Struggling for Shelter: Resistance to California’s Housing Crisis Grows 

In an age of worsening income and wealth inequality, a supply of affordable shelter for workers and their families is low while demand for it is high, the conditions for price-gouging. Just ask Dominique Walker, 34, of Moms 4 Housing, one of the unhoused women who occupied a vacant home in West Oakland that Wedgewood Property Management, a real estate investment company, owned.

Oakland police forcibly removed M4H from that abode; meanwhile, wildcat graduate student strikers at two of the 10 campuses in the University California system are withholding their labor, demanding higher pay for skyrocketing rents.

“We are trying to build a coalition,” Walker, a full-time organizer of the Black Housing Union, a chapter of Alliance of Californians for Community Empowerment (ACCE), told me. “That effort has resonated with people globally.” Movement politics is the name of this game.

“We have been in solidarity with M4H from the start,” Nell Myhand of the Poor People’s Campaign Bay Area Supporters Steering Committee, told me. For Myhand and Walker, collective mobilization is the key to waging struggle against the wealthy few making shelter unaffordable for the working class and poor folks.

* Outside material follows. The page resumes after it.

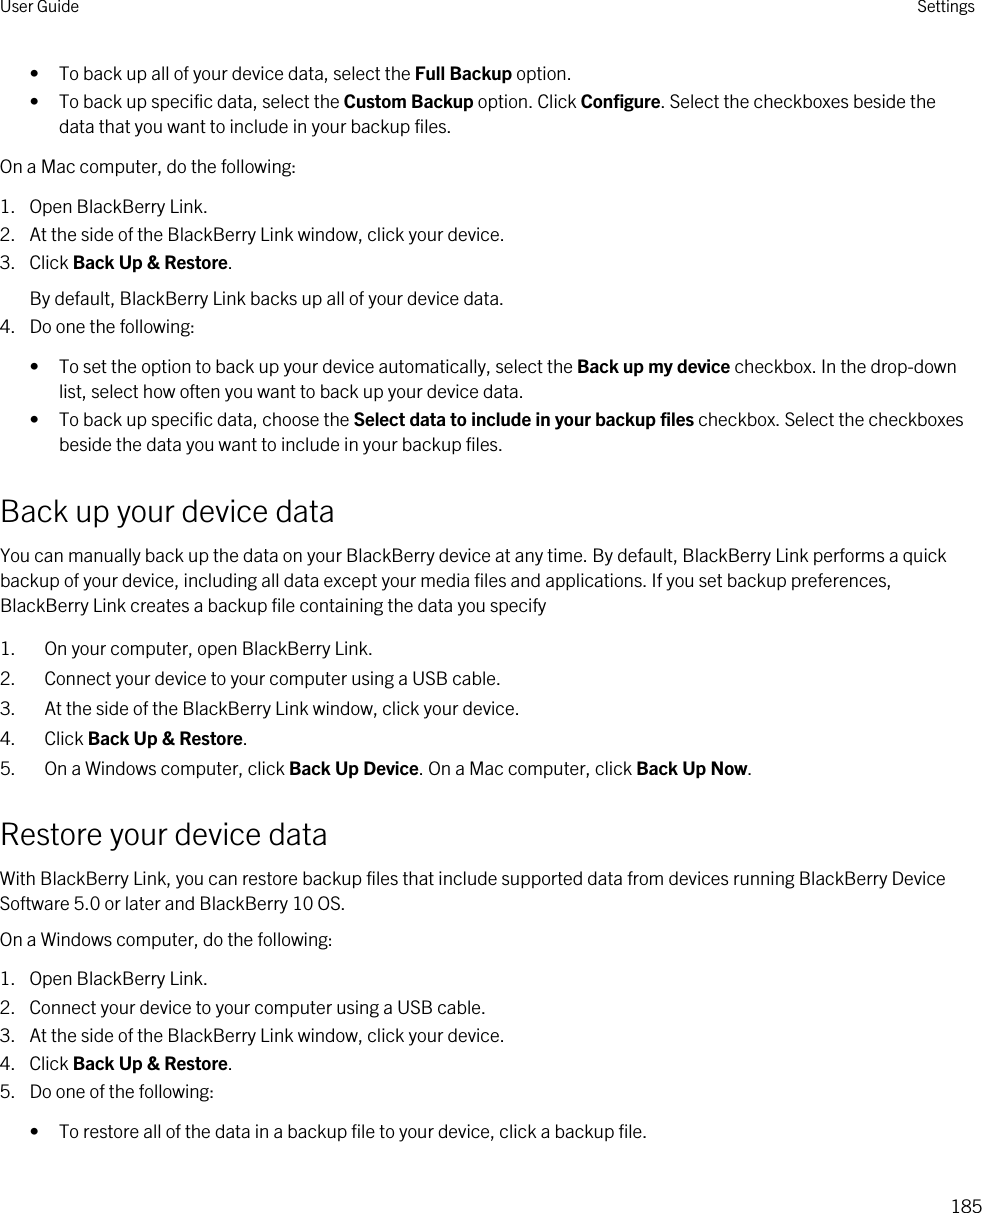 • To back up all of your device data, select the Full Backup option.• To back up specific data, select the Custom Backup option. Click Configure. Select the checkboxes beside the data that you want to include in your backup files.On a Mac computer, do the following:1. Open BlackBerry Link.2. At the side of the BlackBerry Link window, click your device.3. Click Back Up &amp; Restore.By default, BlackBerry Link backs up all of your device data.4. Do one the following:• To set the option to back up your device automatically, select the Back up my device checkbox. In the drop-down list, select how often you want to back up your device data.• To back up specific data, choose the Select data to include in your backup files checkbox. Select the checkboxes beside the data you want to include in your backup files.Back up your device dataYou can manually back up the data on your BlackBerry device at any time. By default, BlackBerry Link performs a quick backup of your device, including all data except your media files and applications. If you set backup preferences, BlackBerry Link creates a backup file containing the data you specify1. On your computer, open BlackBerry Link.2. Connect your device to your computer using a USB cable.3. At the side of the BlackBerry Link window, click your device.4. Click Back Up &amp; Restore.5. On a Windows computer, click Back Up Device. On a Mac computer, click Back Up Now.Restore your device dataWith BlackBerry Link, you can restore backup files that include supported data from devices running BlackBerry Device Software 5.0 or later and BlackBerry 10 OS.On a Windows computer, do the following:1. Open BlackBerry Link.2. Connect your device to your computer using a USB cable.3. At the side of the BlackBerry Link window, click your device.4. Click Back Up &amp; Restore.5. Do one of the following:• To restore all of the data in a backup file to your device, click a backup file.User Guide Settings185

“We know that you only get what you organize to take so we see M4H’s bold action as a strike against corrupt corporate profiteers who are more than willing to monopolize the real estate market while people are sleeping on the street. We also condemn the policy makers who have defunded and destroyed public housing leaving poor people, women and children like M4H to their own devices to provide for their need for decent housing.”

A scholar at UC Berkeley has taken a deep dive into the crisis of unaffordable shelter. Geographer Richard A. Walker is the author of Pictures of a Gone City: Tech and the Dark Side of Prosperity in the San Francisco Bay Area (PM Press, 2018). His three-part book weaves the threads of this social contradiction, using standard data, statistics, plus helpful charts and graphs.

“The popular resistance is completely understandable,” Walker told me, speaking of M4H. “The economic boom of the 2010s created a tsunami of demand, mostly from the upper classes, that overwhelmed the housing markets around the region, led to wholesale makeovers of neighborhoods (‘gentrification’) and driven thousands of working people out to the fringes of the metropolis —or beyond.” In the urban core, those unable or unwilling to leave are fighting back.

“Oakland has been a center of resistance for a long time,” according to Walker, “most notably in the Occupy Movement (that President Obama ended in coordinated nationwide police violence against peaceful demonstrators), and the protests against the murder of Oscar Grant (a handcuffed, unarmed black male who a transit cop shot to death on New Year’s Day in 2009). Housing activism in Oakland, especially pronounced over the last decade, gained some protections for renters—but not enough.”

Speaking of renters, graduate student teaching assistants in the United Auto Workers Local 2865 have been on a wildcat strike at University California Santa Cruz, south of Oakland, since February 10. The strikers’ demand is for a cost-of-living-adjustment (COLA) of $1,412 per month to use for rent.

The striking UCSC graduate student strikers are picketing, and refusing to teach, grade, hold office hours and do research, actions that the UAW has not sanctioned, swim in the same water as M4H. Neither groups of working class want to be homeless.

The spirit of dissent is spreading. On February 27, UC Davis graduate students began a grade strike for the winter quarter to demand a COLA. They are in the famous words of Fannie Lou Hamer, the legendary community organizer and leading figure in the civil and women’s rights movements who co-founded and was vice-chair of the Freedom Democratic Party, “sick and tired of being sick and tired.”

At the other end of the income pole, UC managers live large. Consider this. “UC Davis Chancellor Gary May receives a salary of over $500,000, which does not include subsidized housing and other benefits,” according to a statement from UCD4COLA. Nice work if you can get it.

In the UC system, the expanding collective mobilization for higher pay to afford escalating rental prices is spurring a reaction from management. We turn to UC President Janet Napolitano, Obama’s Secretary of Homeland Security and Arizona’s governor before that. She has threatened to fire the wildcat strikers if they fail to return to work. International graduate students on the wildcat strike could face deportation.

UCD4COLA has called for UC to rescind its threats of retaliation against wildcat strikers at UC Santa Cruz. In the blue state of California, collective actions against unaffordable housing in low supply as demand and prices for it rise higher, is growing. What the state Democratic Party does and does not do in response bears scrutiny. One thing is clear. The class conflict in California is heating up.